Metformin activates AMP-activated protein kinase (AMPK) through AICAR-like effects, inducing metabolic stress in cancer cells, and targets the PI3K pathway, a major driver of prostate cancer growth alongside the androgen receptor. These mechanisms contribute to metformin’s ability to inhibit cancer cell proliferation and affect epithelial-mesenchymal transition (EMT) markers, which influence tumor invasion and metastasis, according to the study.

Clinical trials have demonstrated broader metabolic benefits of metformin in prostate cancer patients. One randomized trial showed that combining metformin with a low glycemic index diet and exercise led to reductions in abdominal girth, weight, body mass index, and systolic blood pressure in patients undergoing androgen deprivation therapy (ADT). However, that trial did not find differences in biochemical markers of insulin resistance. The drug’s influence on EMT expression via AMPK activation has also been observed in various cancers, including prostate cancer.

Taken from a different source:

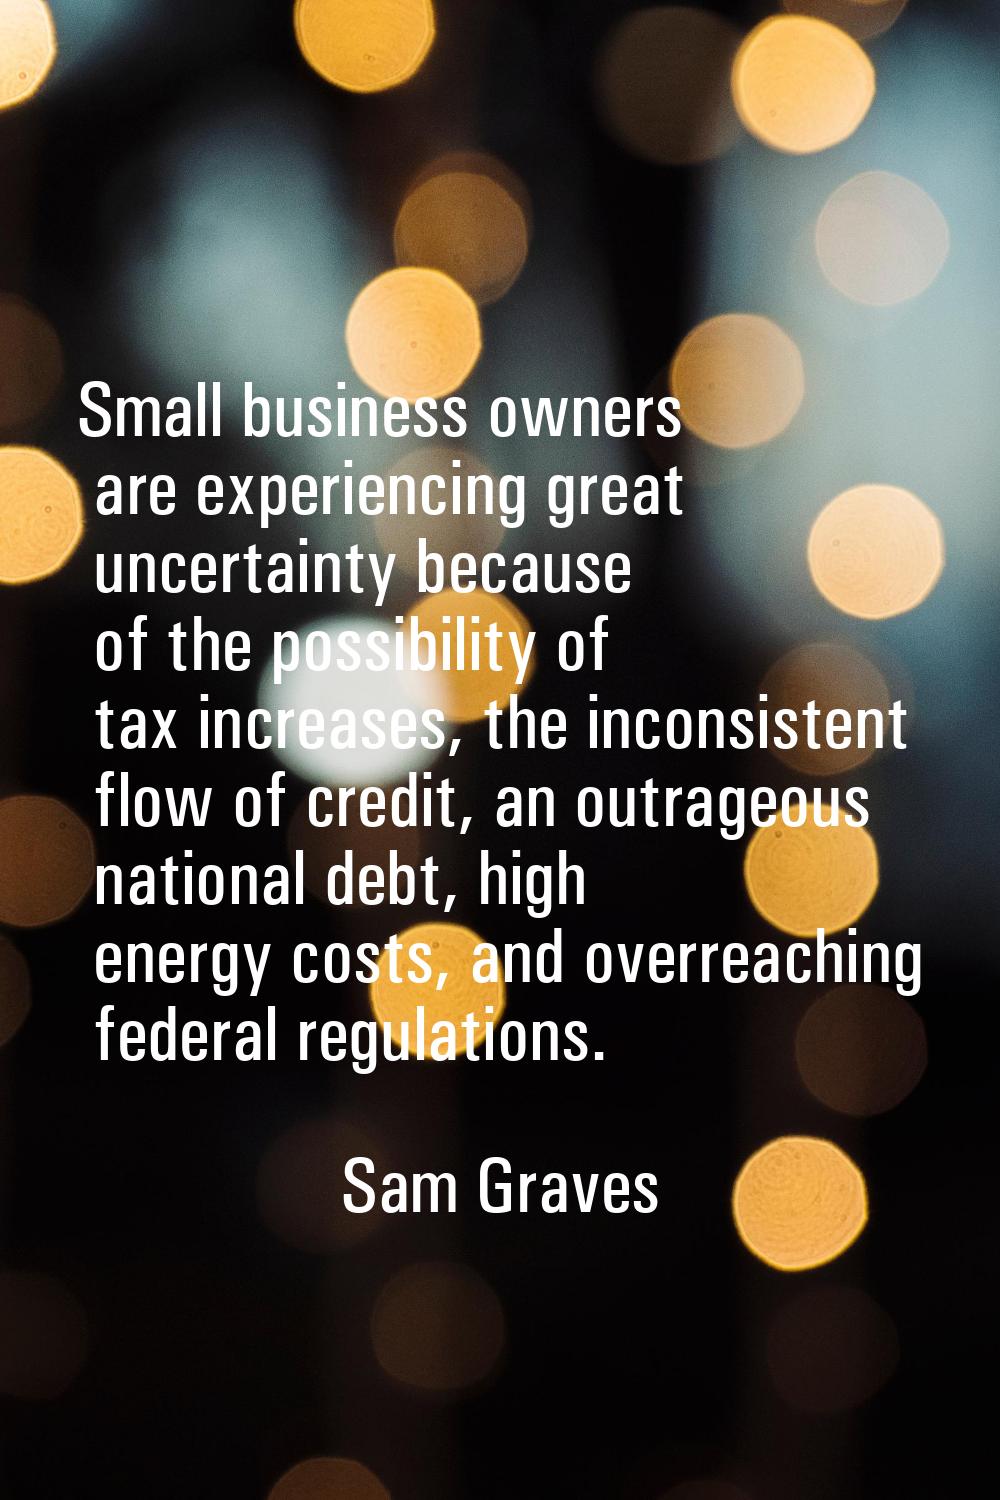 Small business owners are experiencing great uncertainty because of the possibility of tax increase

The study’s authors noted that metformin, a commonly prescribed diabetes medication, offers potential advantages for prostate cancer patients who cannot engage in physical activity due to treatment side effects or other limitations. By increasing Lac-Phe levels, metformin may help regulate appetite and control weight during cancer therapy, findings that build on previous observations in diabetes and exercise research.

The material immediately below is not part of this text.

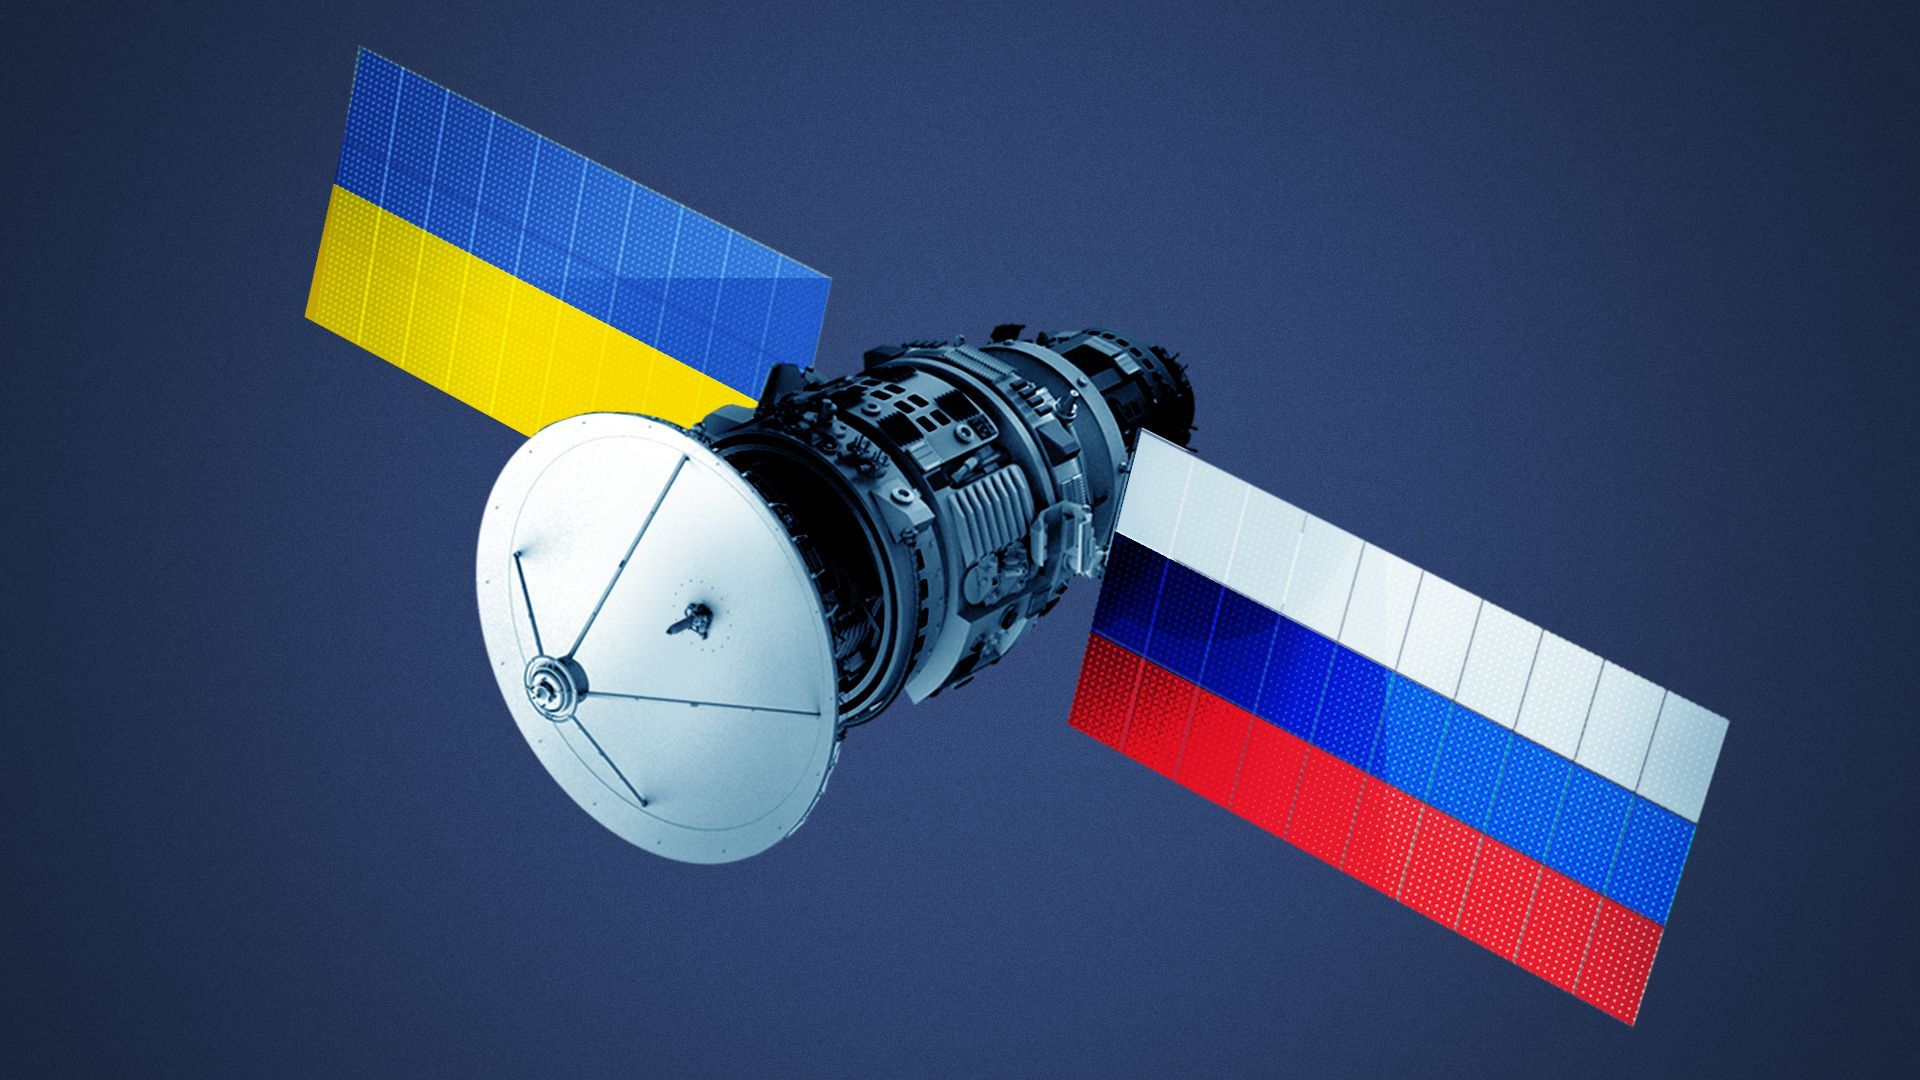 Illustration of a satellite made of the flags of Russia and Ukraine.

The research was conducted with prostate cancer patients from multiple stages and treatment backgrounds, ensuring that the findings on Lac-Phe elevation were consistent across a diverse population. This consistency supports the potential use of metformin as part of metabolic management in prostate cancer care, according to the April 6, 2026, publication in EMBO Molecular Medicine.

Future studies may further explore the clinical implications of metformin-induced Lac-Phe increases and whether these metabolic effects translate into improved patient outcomes, including cancer progression and quality of life. The current findings provide a foundation for investigating metformin’s role in mimicking exercise benefits in populations unable to engage in physical activity.